No matter how dangerous, seems like there's always someone doing it.

Playing it safe is risky.

A well-known cyclist from Copenhagen points out in this article that transportation is still fundamentally about "get from point A to point B" -- not exercise or environmentalism. It took a massive disruption of infrastructure to make this the case in even the most dense-populated of American cities.

http://www.slate.com/articles/health_and_science/the_efficient_planet/2012/11/green_wave_can_the_u_s_embrace_biking_like_denmark_has.html

The most concerning trend to me is that this is only the beginning of the end of our coast lines; caribbean islands will continue to face massive devastation, folks who live by the coast around the world will be in massive danger; perhaps this is not *new* in history or related to global warming, however I think we'll need our greatest minds to come up with new plans for our cities.

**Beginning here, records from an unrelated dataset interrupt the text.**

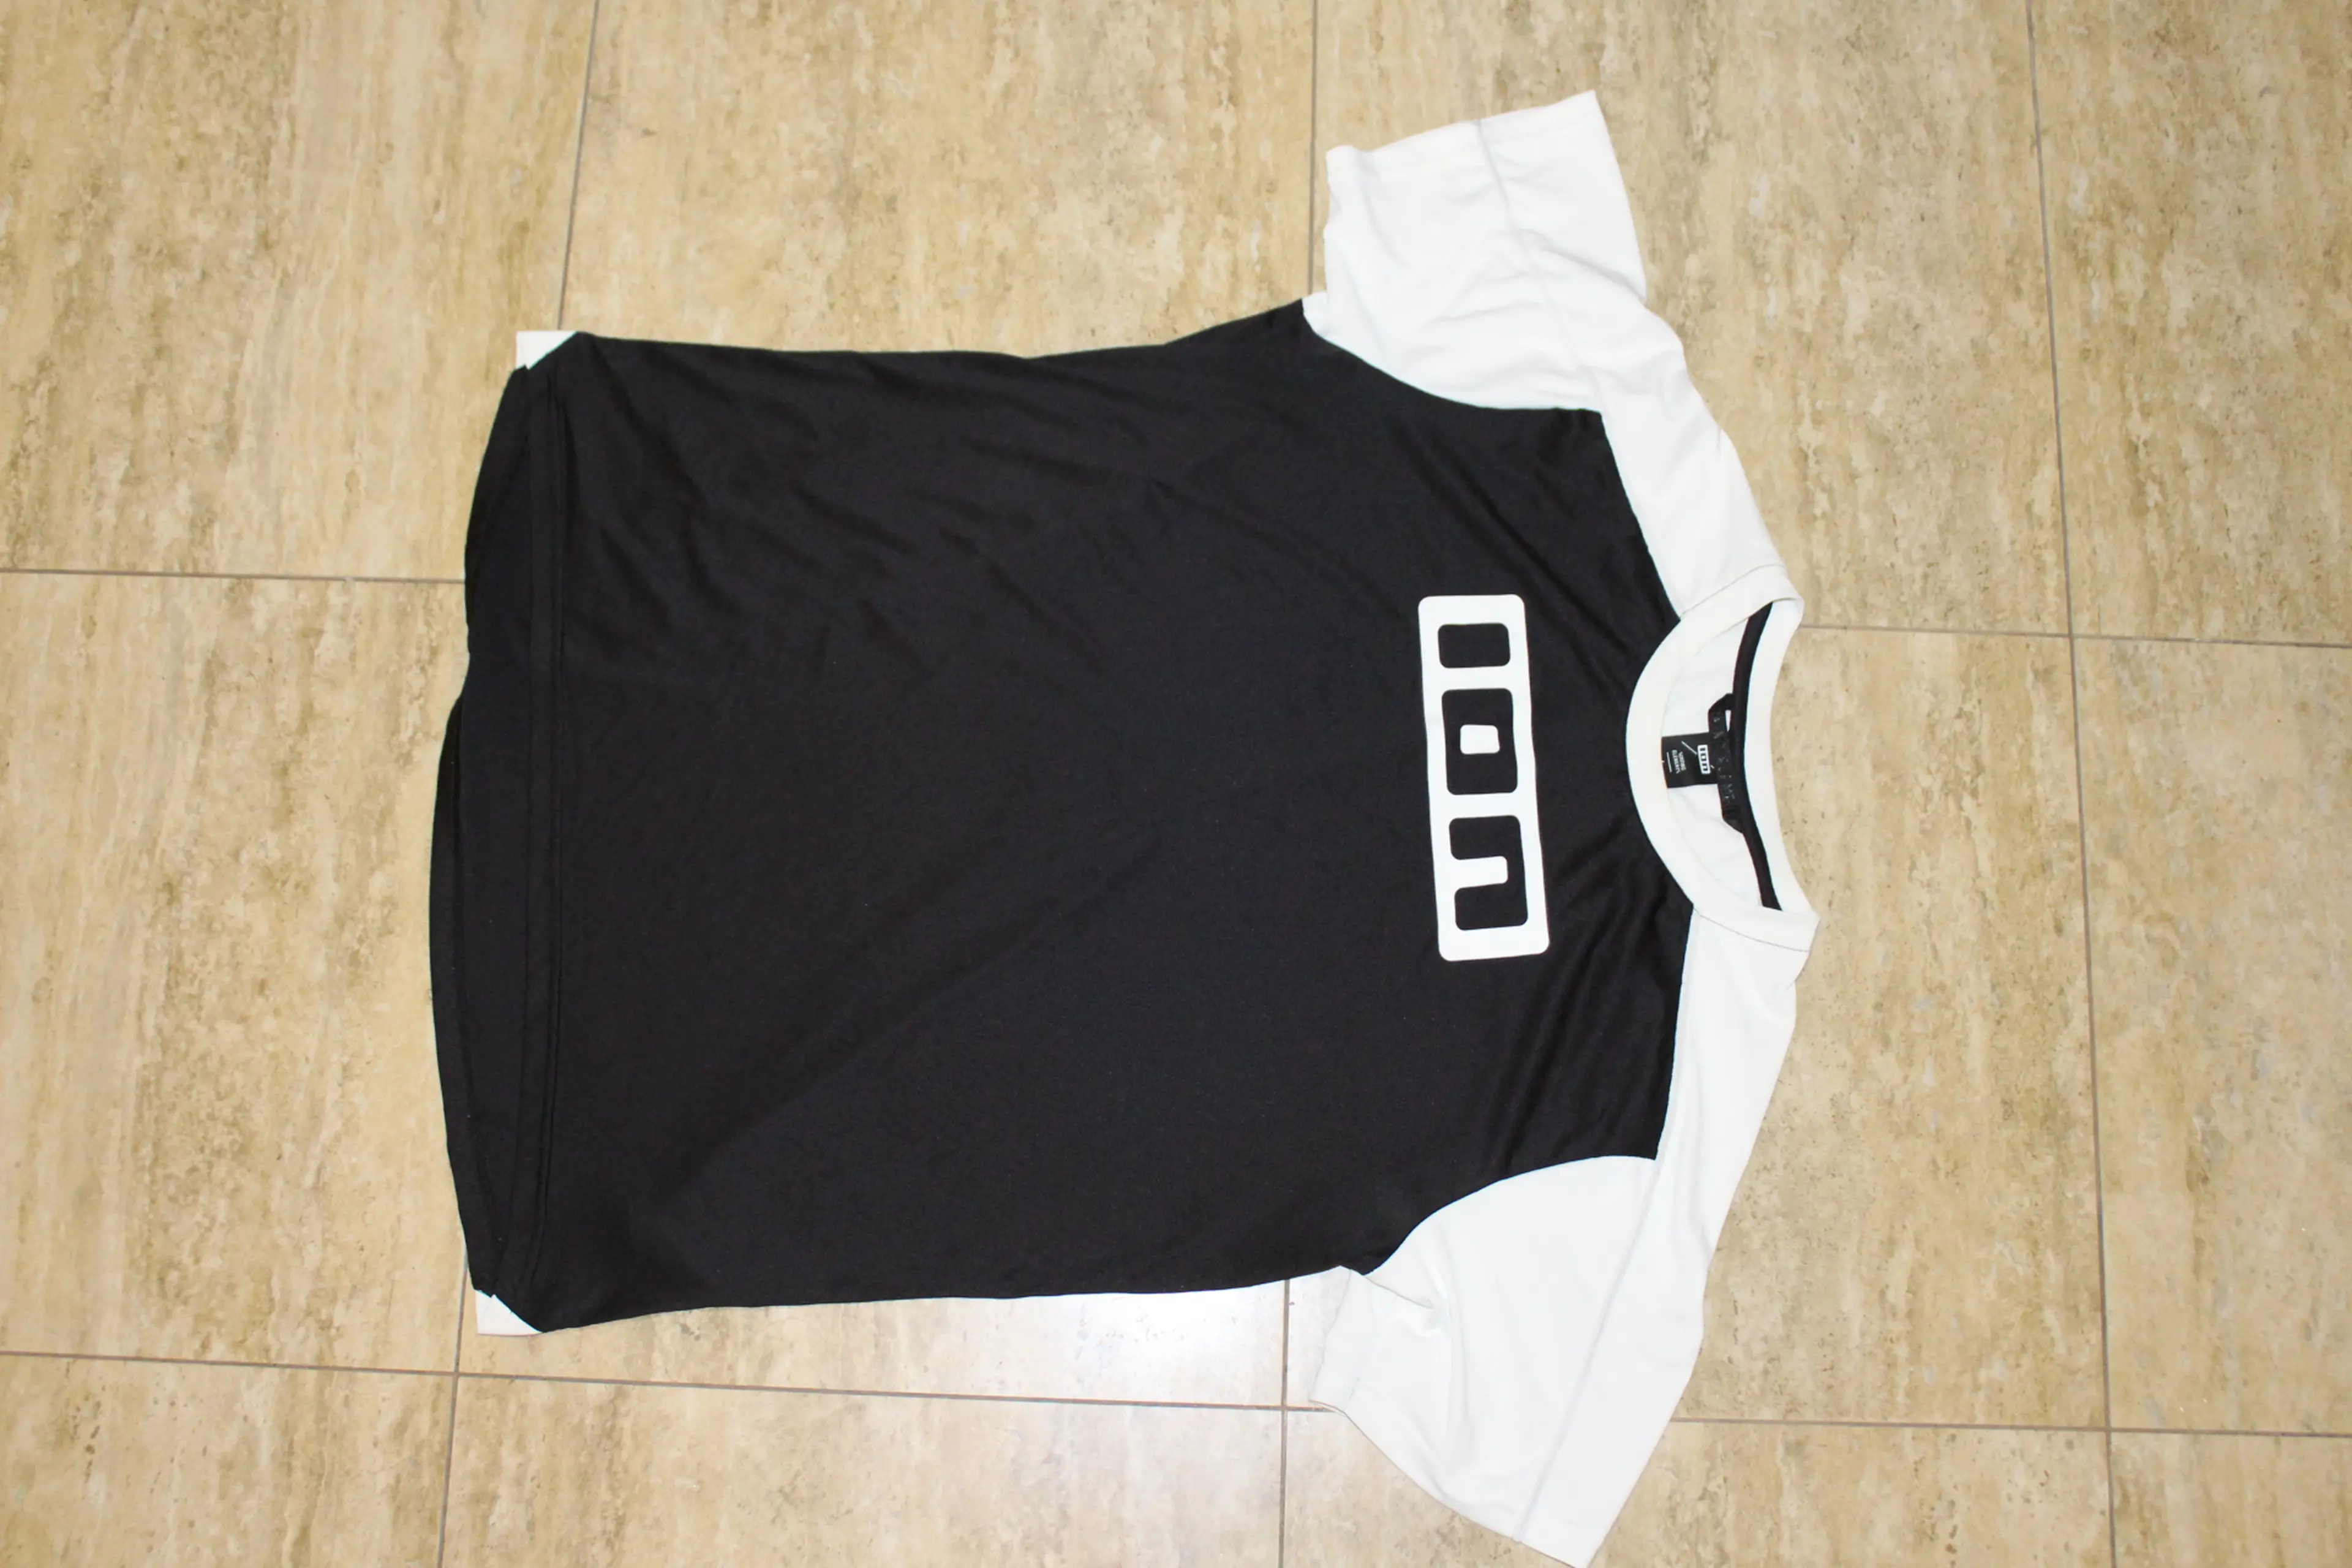 3. ION Logo jersey - Large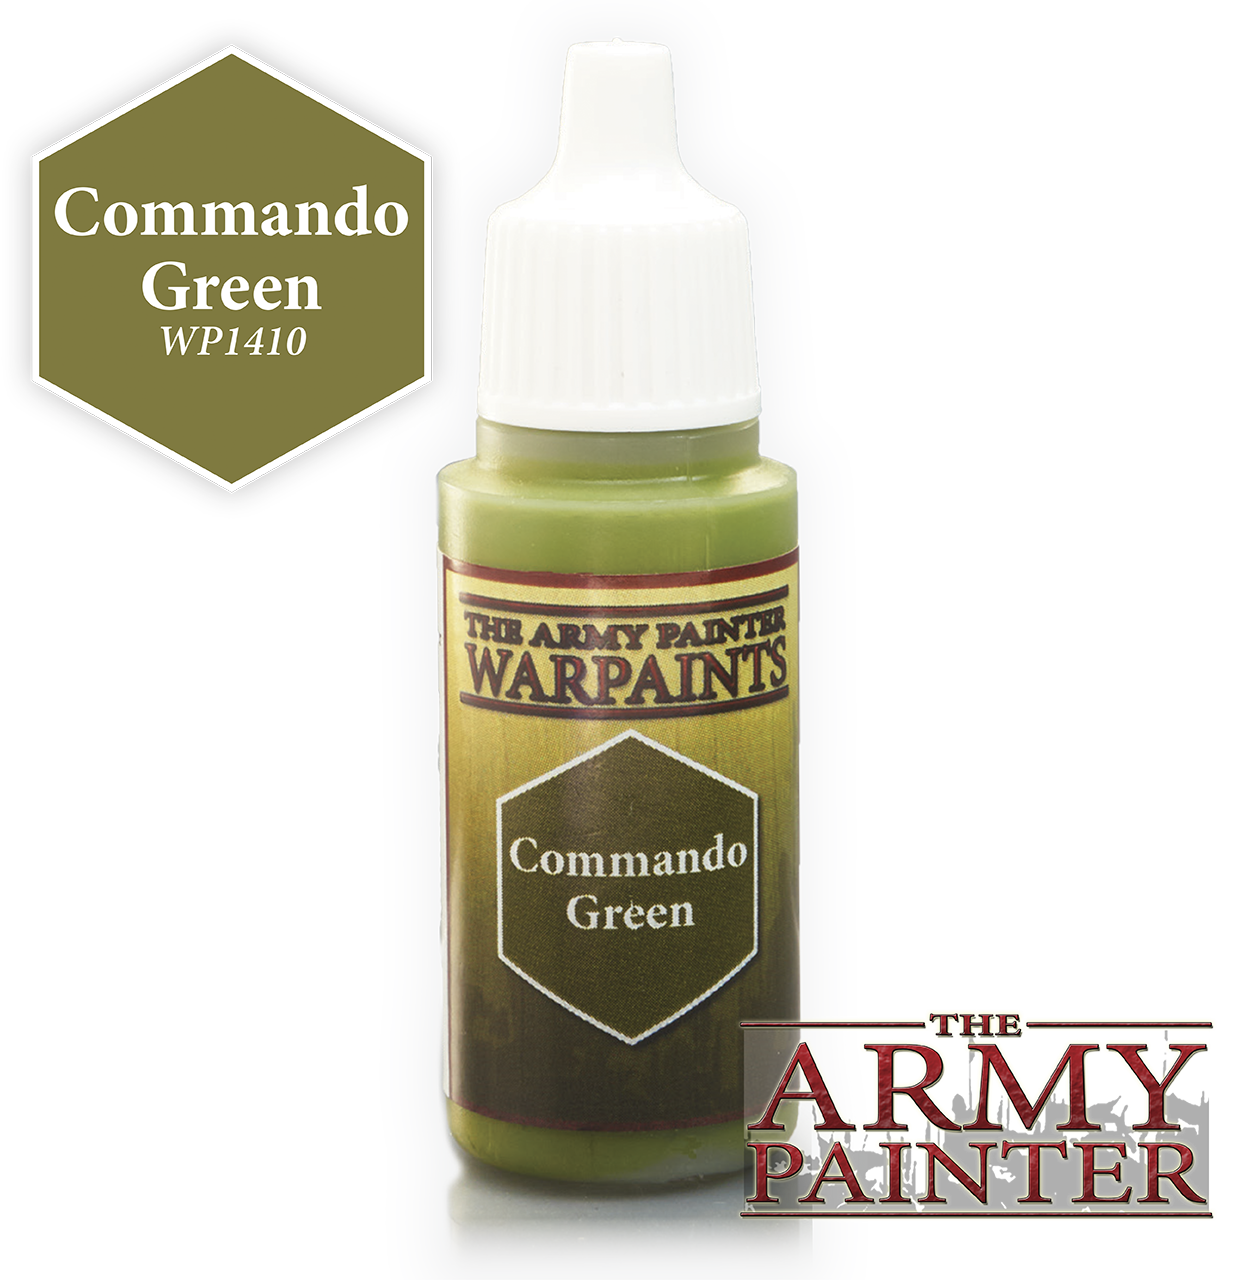 Commando Green - Army Painter Warpaints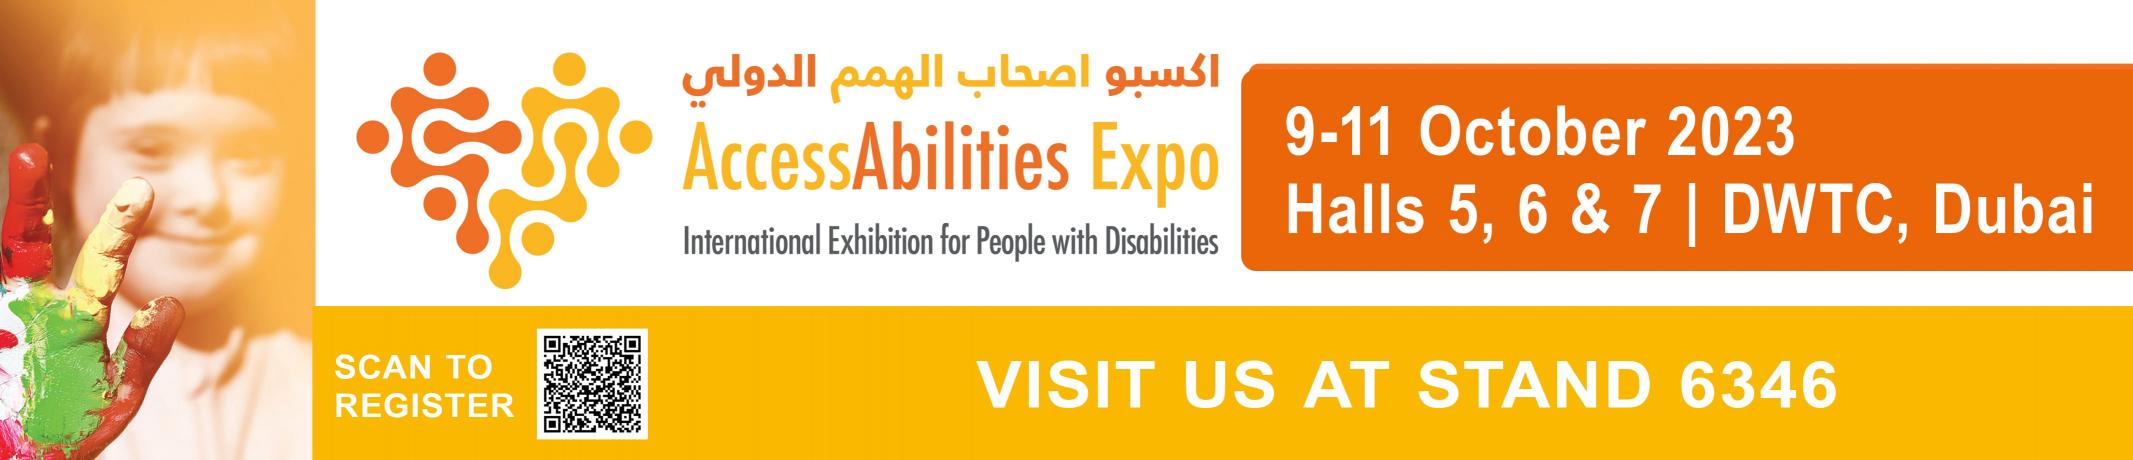 [AccessAbilities Expo 2023 in Dubai] image

I mean, NYC rebuilds and THEN what. They're still basically in the water. Like New Orleans before it, and all the other eastern seaboard major cities.

Not all of NYC, just the south part is in the water, including Staten Island.

This is 2012, (the year the world ends).

I believe it'll only get worst, after speaking with major Climatologists. And not just from freak-storms, simply from the sea and ocean level rising.